* [Problem to work on]: When copying the listing below, skip every picture and keep each word as it stands.
Segment Start: Source data
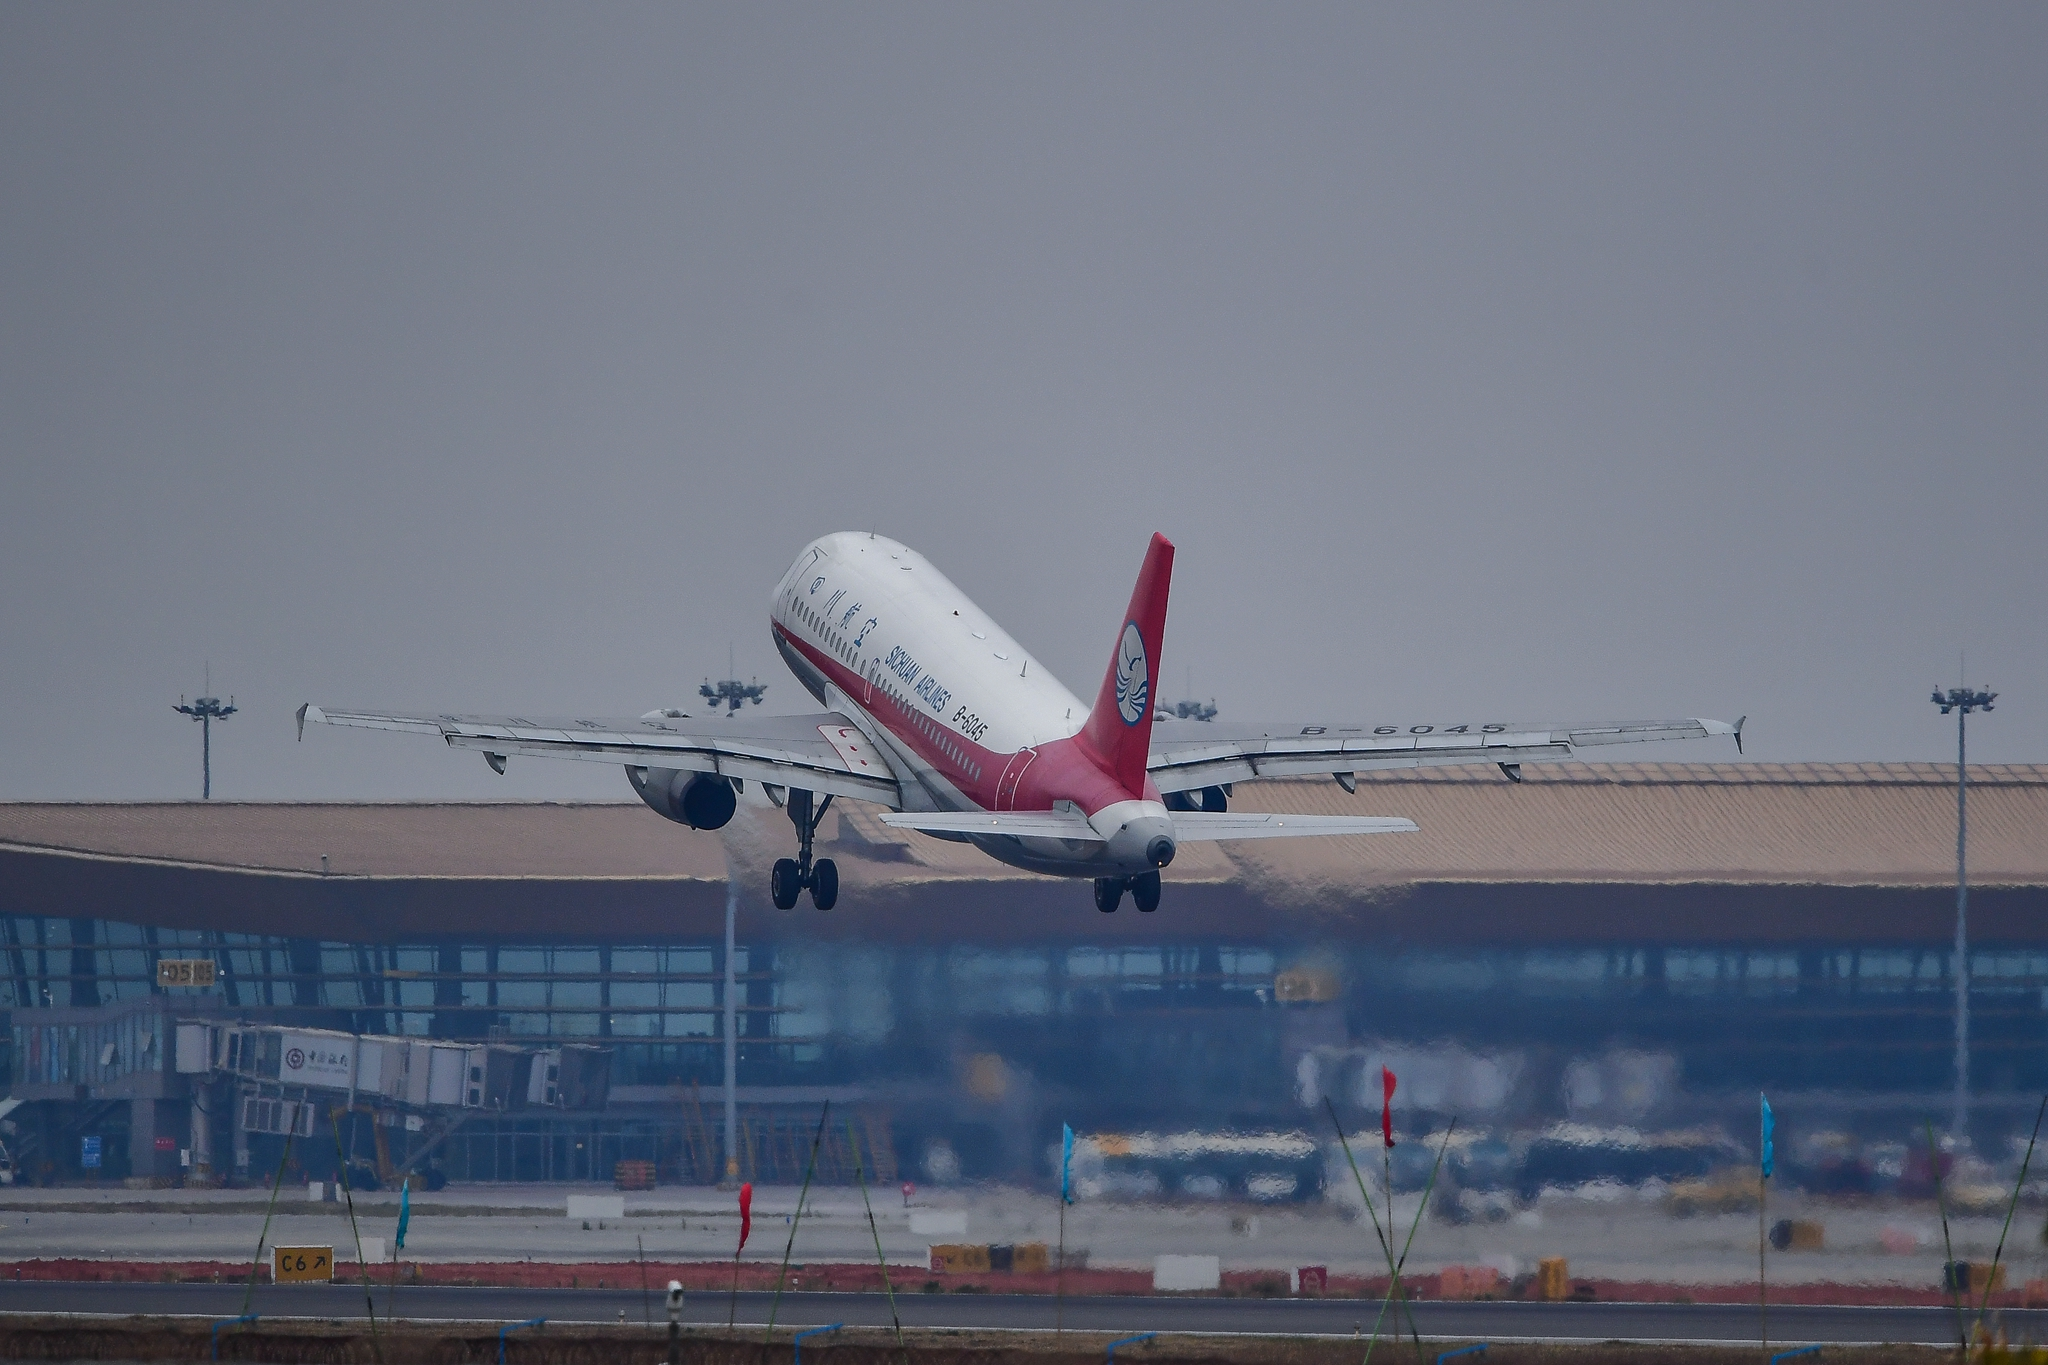 Re:[原创]KMG 庚子年初四再赴长水之约 都是似曾相识 都是熟悉的味道 AIRBUS A319-100 B-6045 中国昆明长水国际机场
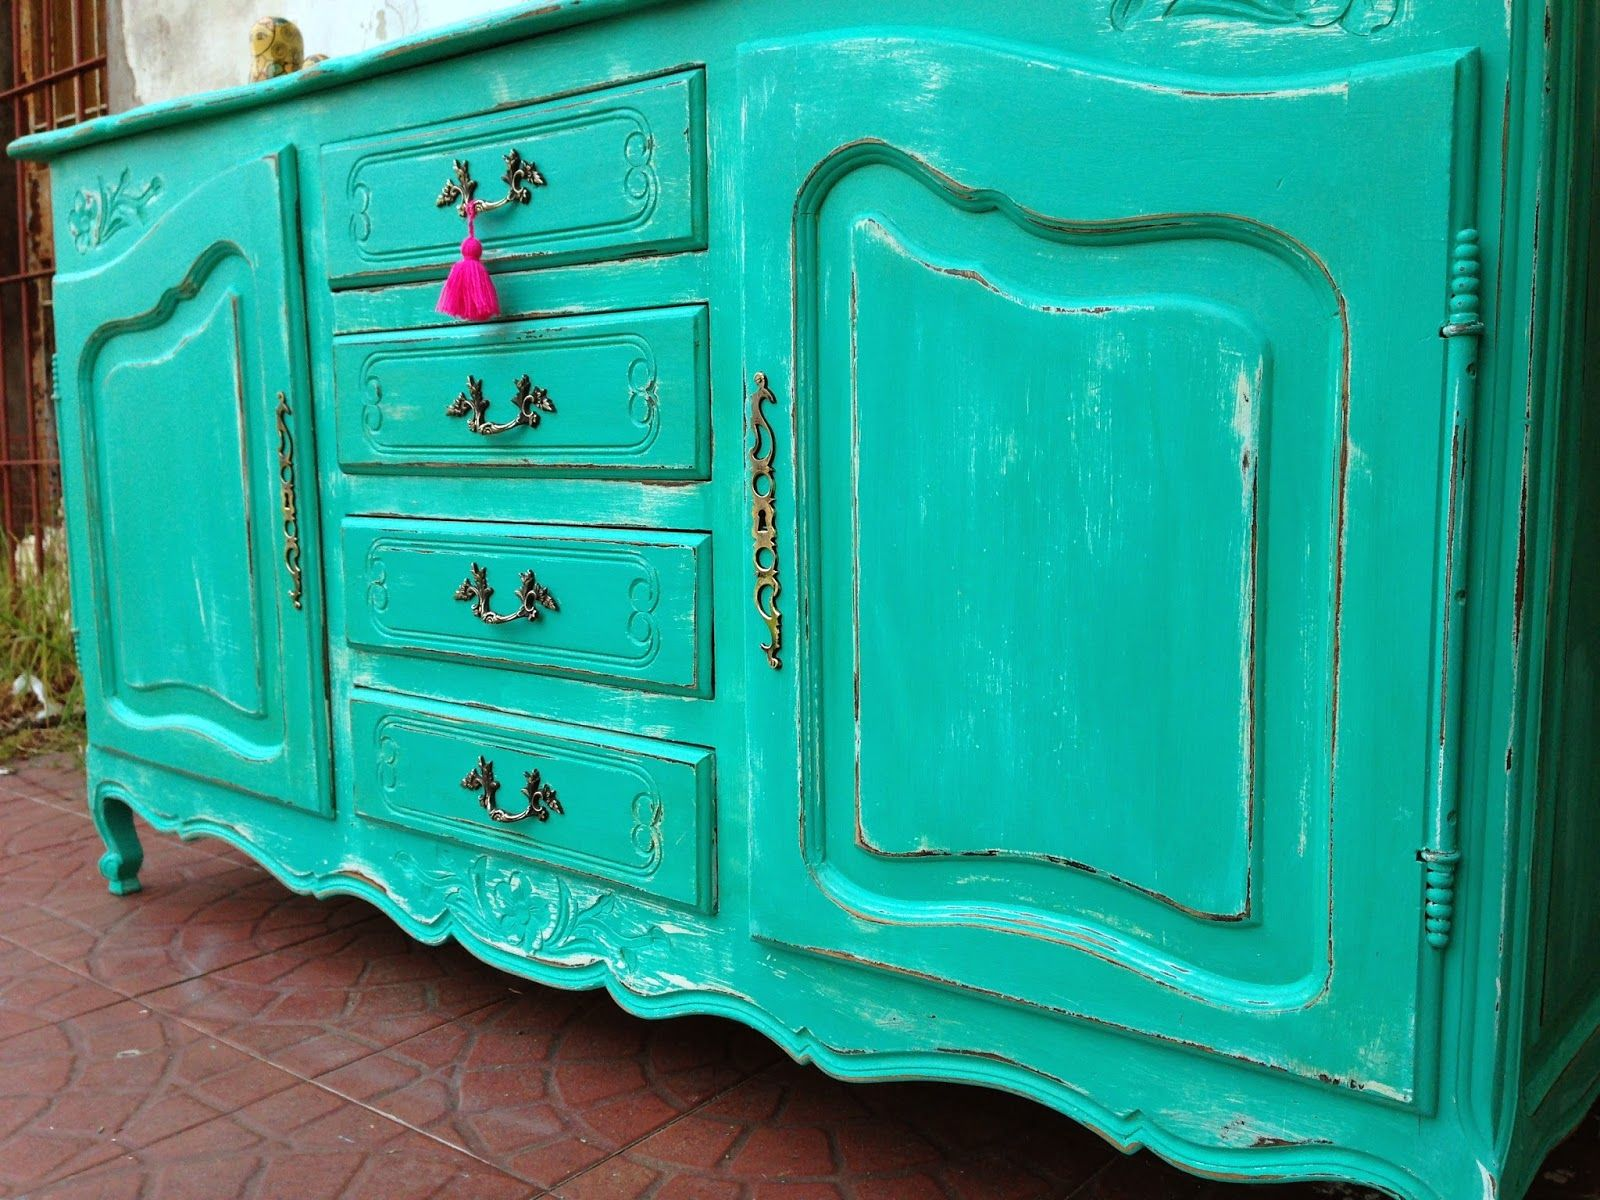 Mejores 29 Im Genes De Muebles En Pinterest Muebles Viejos  # Muebles Gastados
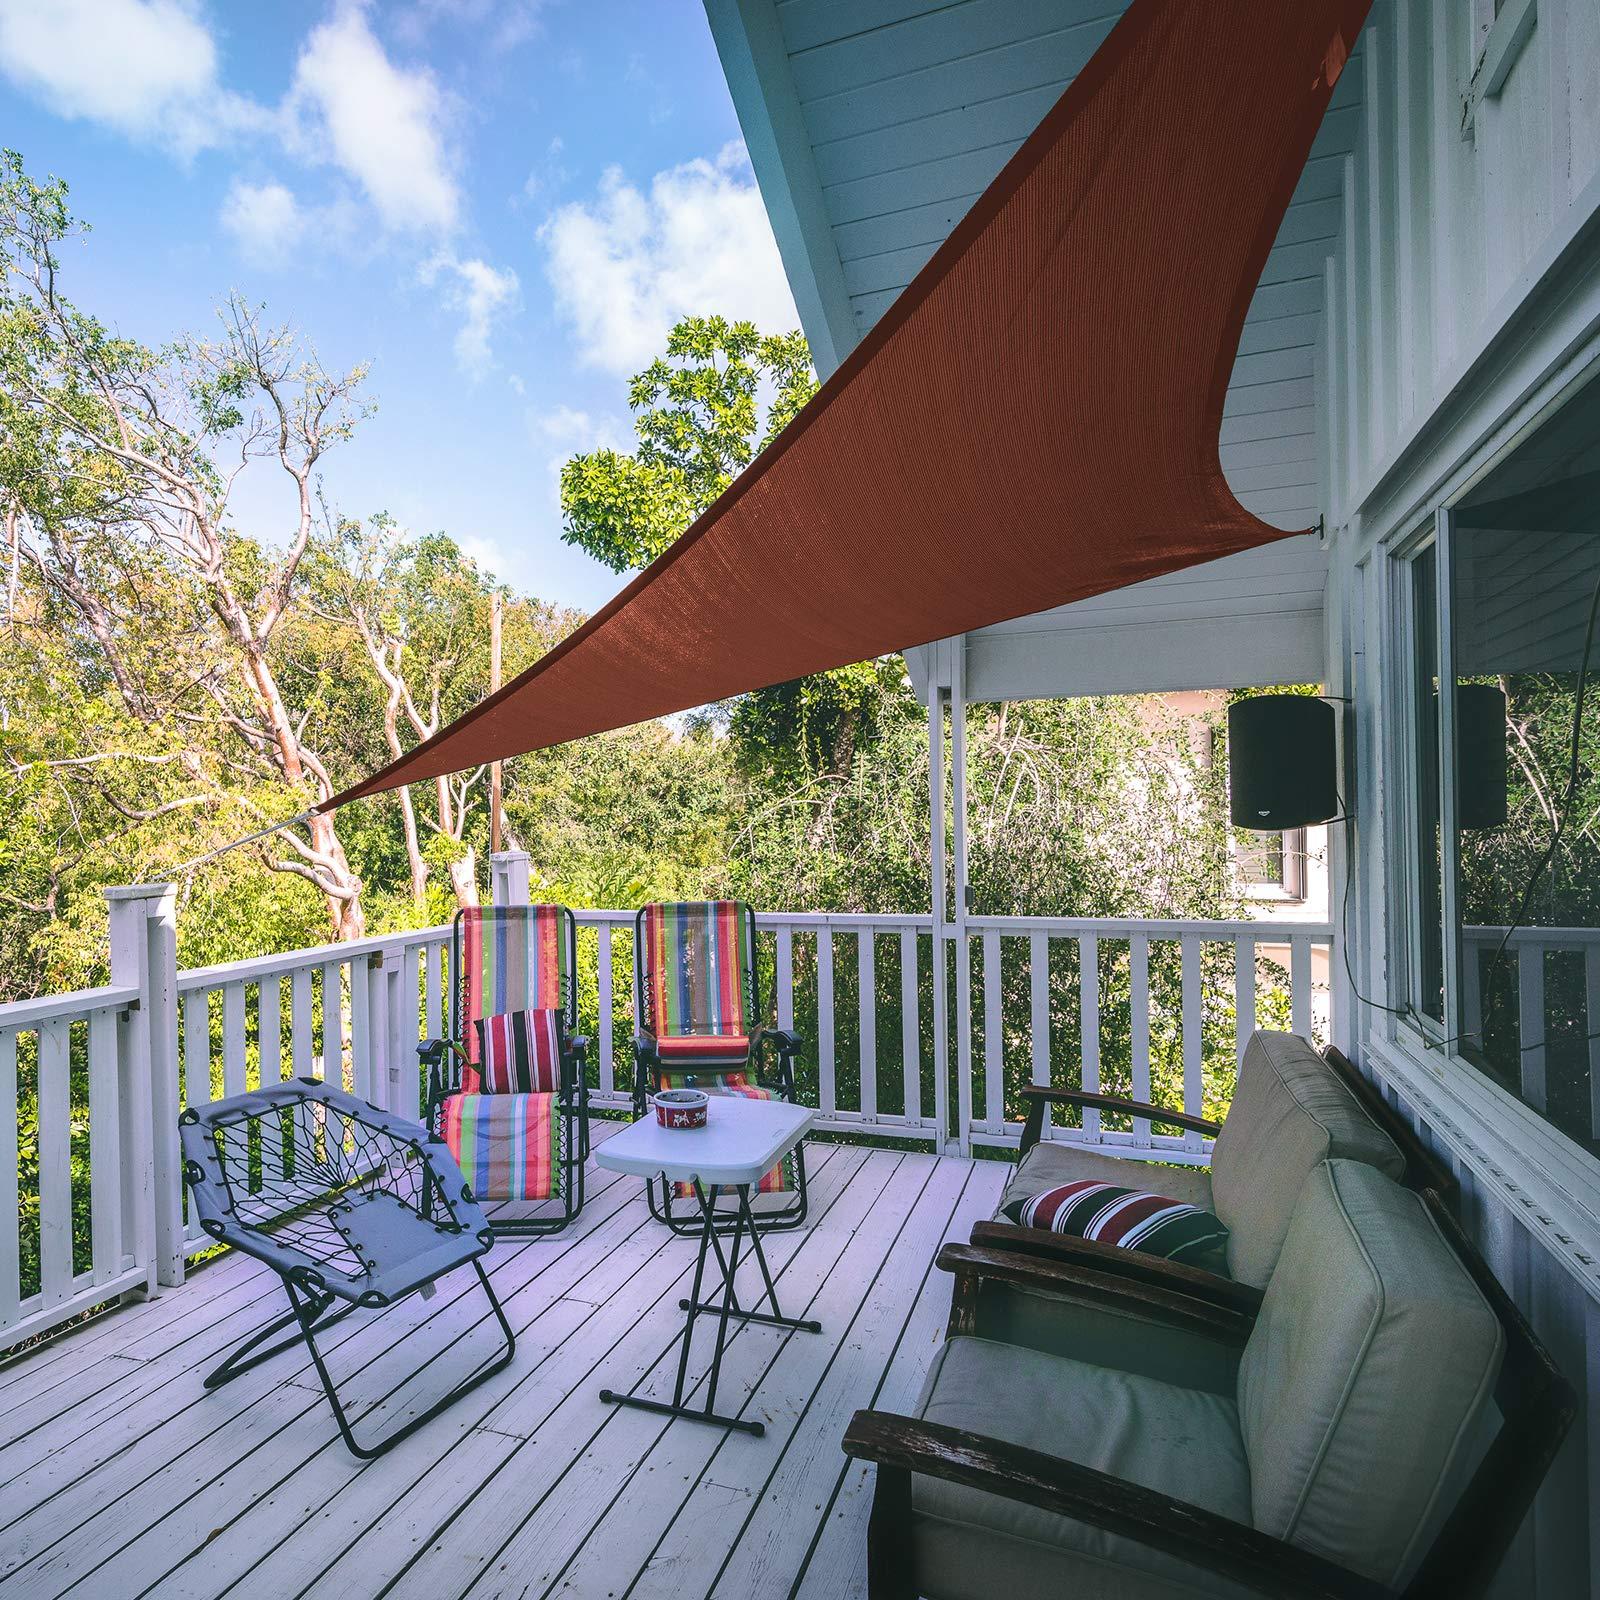 BB Sport Toldo Vela 3m x 3m x 4.24m Terracota Triangular HDPE Vela Sombra Protección Rayos UV 90% Transpirable: Amazon.es: Jardín
Segment End: Source data
* [Answer to the problem]:
 Re:[原创]KMG 庚子年初四再赴长水之约 都是似曾相识 都是熟悉的味道 AIRBUS A319-100 B-6045 中国昆明长水国际机场
 Mejores 29 Im Genes De Muebles En Pinterest Muebles Viejos  # Muebles Gastados
 BB Sport Toldo Vela 3m x 3m x 4.24m Terracota Triangular HDPE Vela Sombra Protección Rayos UV 90% Transpirable: Amazon.es: Jardín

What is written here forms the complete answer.